1935 год

Лучший в мире


Джордж Морган, американский инженер на метро

Итак первая очередь начатого по инициативе тов. Сталина строительства метрополитена в Москве закончена за исключением второстепенных деталей отделки. Обещание Московского комитета партии дать населению города Москвы лучший в мире метро целиком выполнено. В этом можно убедиться, если сравнить московский метрополитен с метро в крупных заграничных центрах.

Сравнивая московский метрополитен с заграничными по основным признакам сооружения, мы можем констатировать следующее:

1. Нигде нет таких благоприятных радиусов закруглений и уклонов, как на московском метро. Это обстоятельство обеспечивает безопасность и быстроту движения подземных поездов.
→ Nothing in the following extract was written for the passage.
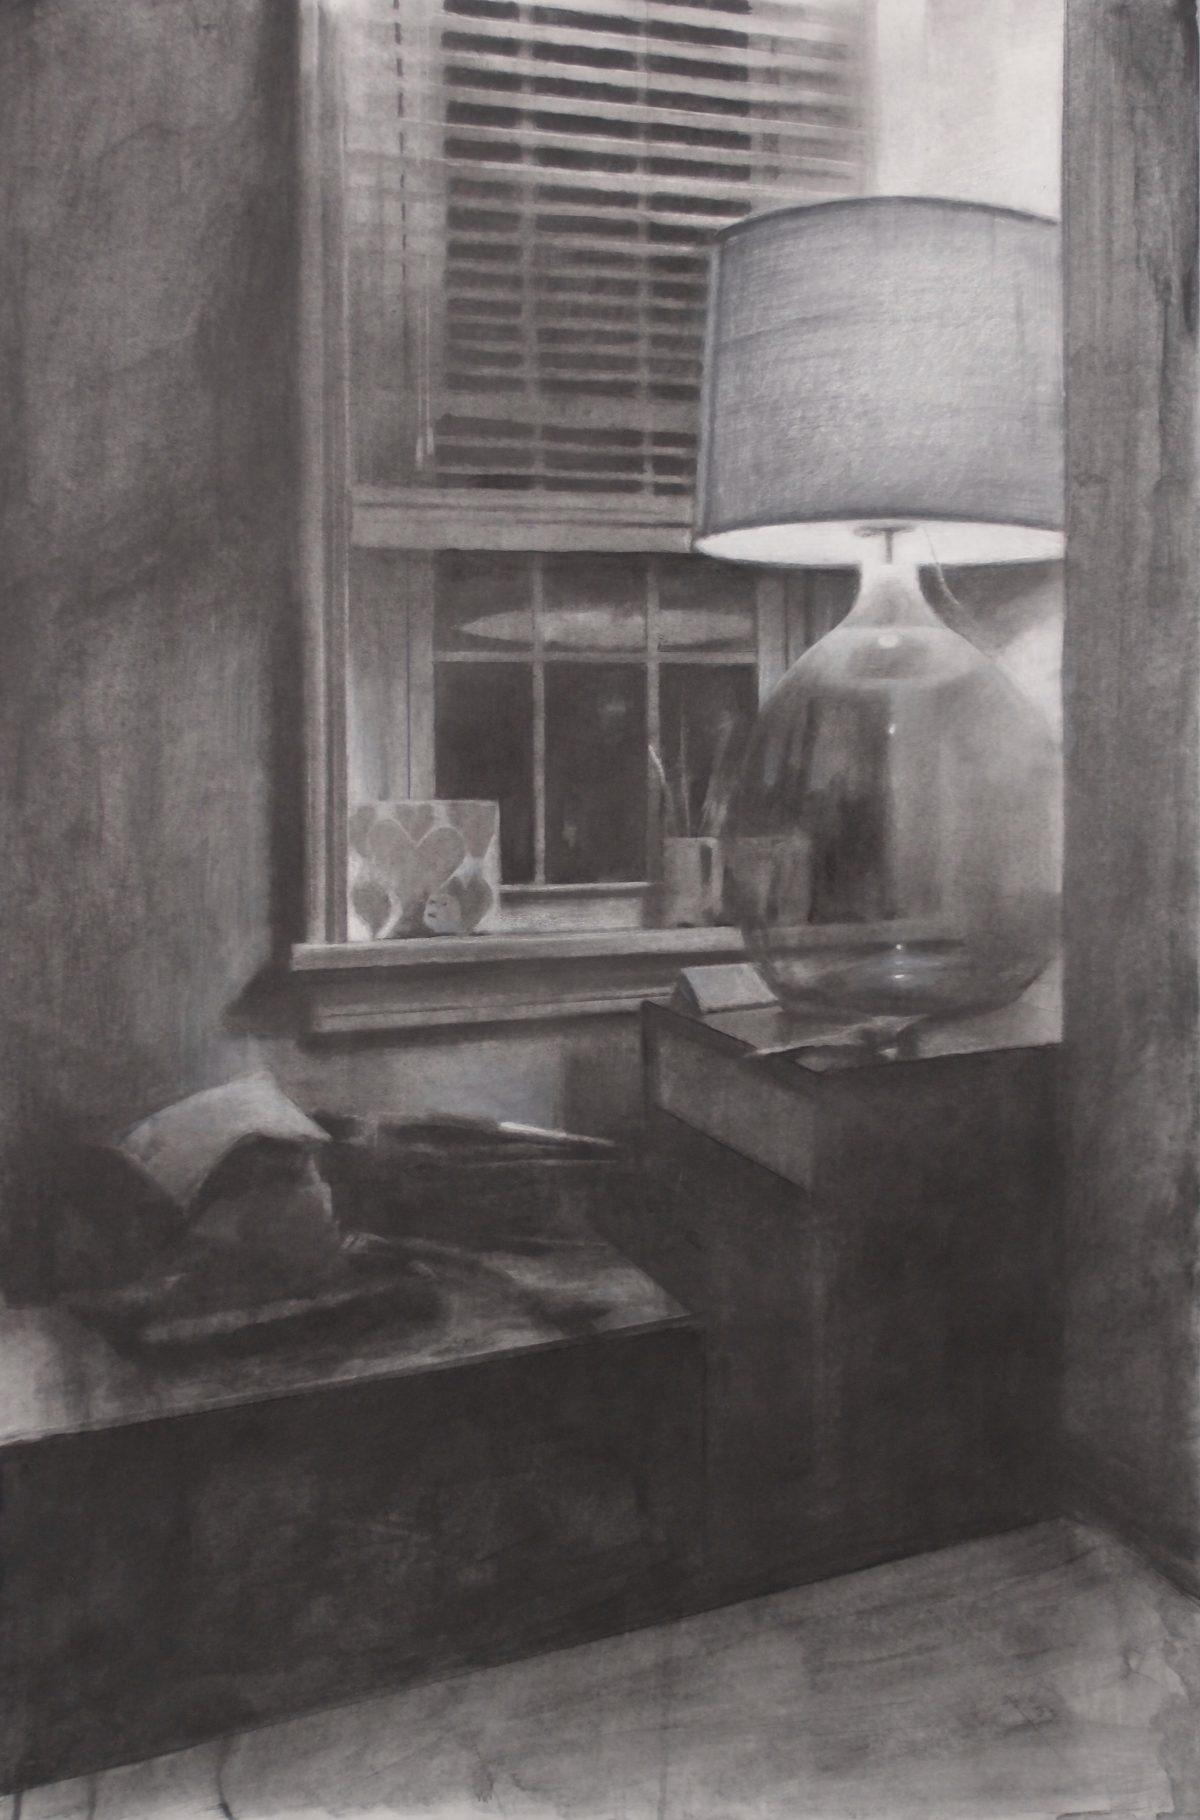  "Happy House" by Michael Grimaldi. Graphite, charcoal, and chalk on paper, 36 inches by 24 inches. (The Florence Academy of Art–U.S.)

Пассажиры не терпят неудобств от толчков, их не раздражают лязг и скрипение колес при проходе поезда на неудобных кривых.

2. В Лондоне диаметр путовых тоннелей составляет 3,7 метра, в Нью-Йорке — 5,2 метра, а наибольший в Москве — 5,5 метра. Это дает возможность ввести более широкие и вместительные вагоны.

3. Все станции московского метро расположены на прямой линии, что обеспечивает безопасность для пассажира. За границей нередко станции расположены на кривой, поэтому между платформой и вагоном образуется широкая опасная щель, куда может попасть нога пассажира.

4. На заграничных метро станции строятся с узкой платформой — от 1,5 метра в Париже и Лондоне до 3,5 метра в Нью-Йорке. В Москве минимальная ширина платформы на станциях составляет 4 метра. Это устраняет опасность скопления пассажиров и обеспечивает свободу и легкость движения потока людей.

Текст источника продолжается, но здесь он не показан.